DSW struggled in recent years due to the saturation of the footwear market, competition from e-commerce giants, the bankruptcies of big footwear retailers, and footwear brands expanding their direct-to-consumer websites, apps, and brick-and-mortar stores.

However, DSW has started renovating its stores, expanding its selection of shoes, and even adding shoe repair, manicure, and pedicure services at some test stores. It has aggressively expanded its loyalty program, which now has over 25 million members. It's also investing heavily in acquiring new talent, boosting its marketing efforts, and keeping its inventory -- which was up 13% year over year to $597 million as of the end of last quarter -- under control.
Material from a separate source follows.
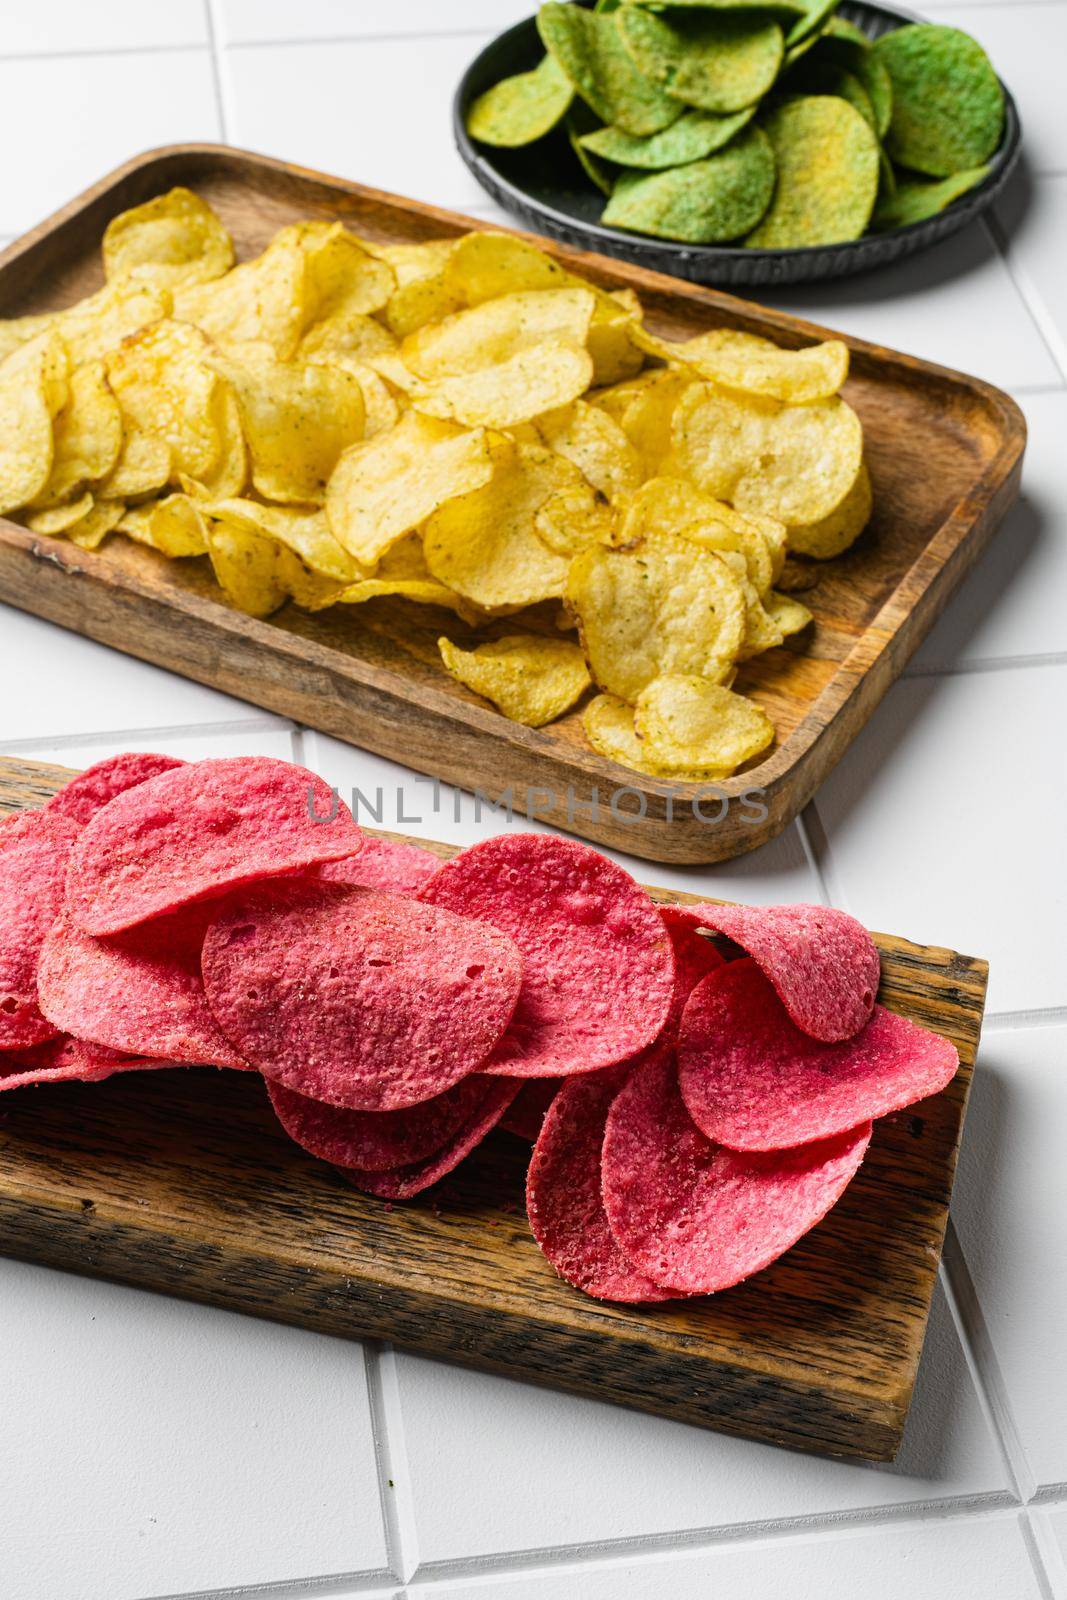 Potato chips pink colored, on white ceramic squared tile table background

DSW has also streamlined its business by abandoning faltering businesses like its e-commerce subsidiary EBuys and the shoe departments it operated within discount retailer Gordmans' stores. As part of that ongoing effort, DSW is sorting out its messy acquisition of the Canadian shoe retailer Town Shoes.

Two women shop for shoes.

Image source: Getty Images.

Town Shoes generates most of its revenue from its Shoe Company and Shoe Warehouse banners, but its namesake chain has been racking up almost $10 million in annual operating losses. DSW recently decided to shutter its mall-based Town Shoes stores by the end of fiscal 2018 due to this weak performance.

Restructuring expenses, impairment charges, and other one-time costs caused DSW to report a big GAAP loss last quarter. However, the company expects the consolidation of its Canadian business -- which also includes DSW Canada -- to have a "slightly accretive impact" on its full-year non-GAAP earnings.

How fast is DSW growing?

DSW's comp sales growth has clearly improved over the past few quarters, thanks to waning industry headwinds, the company's ongoing turnaround efforts, and a lack of major natural disasters (like the hurricanes that reduced its third quarter sales last year).

Metric

Q3 2017

Q4 2017

Q1 2018

Q2 2018

Comps

(0.4%)

1.3%

2.9%

9.7%

Total revenue

1.7%

6.7%

2.2%

16.4%

Year-over-year growth. Source: DSW quarterly earnings.

However, DSW's decision to acquire and abandon various businesses over the past year distorts its revenue growth figures. DSW's comp sales growth of 9.7% during the second quarter -- which excludes the impact of acquisitions, store openings, and store closings -- is a better gauge of its overall growth.

That figure comfortably outpaces the growth of industry peers like Foot Locker (FL 3.15%), which posted just 5% sales growth and 0.5% comp sales growth last quarter.

Margins, valuation, and the dividend

DSW's gross margin expanded from 29.2% in the prior-year quarter to 32.1% last quarter, supported by lower clearance markdowns, favorable sourcing costs, and occupancy leverage at its DSW stores. However, the company's operating margin fell from 6.9% to 3.1% due to one-time expenses related to its ongoing turnaround and streamlining efforts.

The midpoint of DSW's full-year EPS forecast calls for 10.1% growth, which is slightly higher than the 9.5% growth analysts expect at Foot Locker. Yet DSW stock trades at about 20 times projected 2018 earnings, while Foot Locker trades at just 11 times this year's earnings. Looking further ahead, DSW trades at 18 times next year's earnings, while Foot Locker has a forward P/E of 10.

DSW's valuation looks a bit high, but its hefty forward dividend yield of 3.1% -- which tops Foot Locker's 2.8% yield -- could set a floor under the stock.

Should you buy DSW?

DSW's turnaround indicates that footwear retailers won't be annihilated by e-commerce challengers or first-party direct-to-consumer channels anytime soon. DSW stock isn't cheap at these levels, but I think the company's accelerating sales growth and big dividend could lift the stock to fresh highs.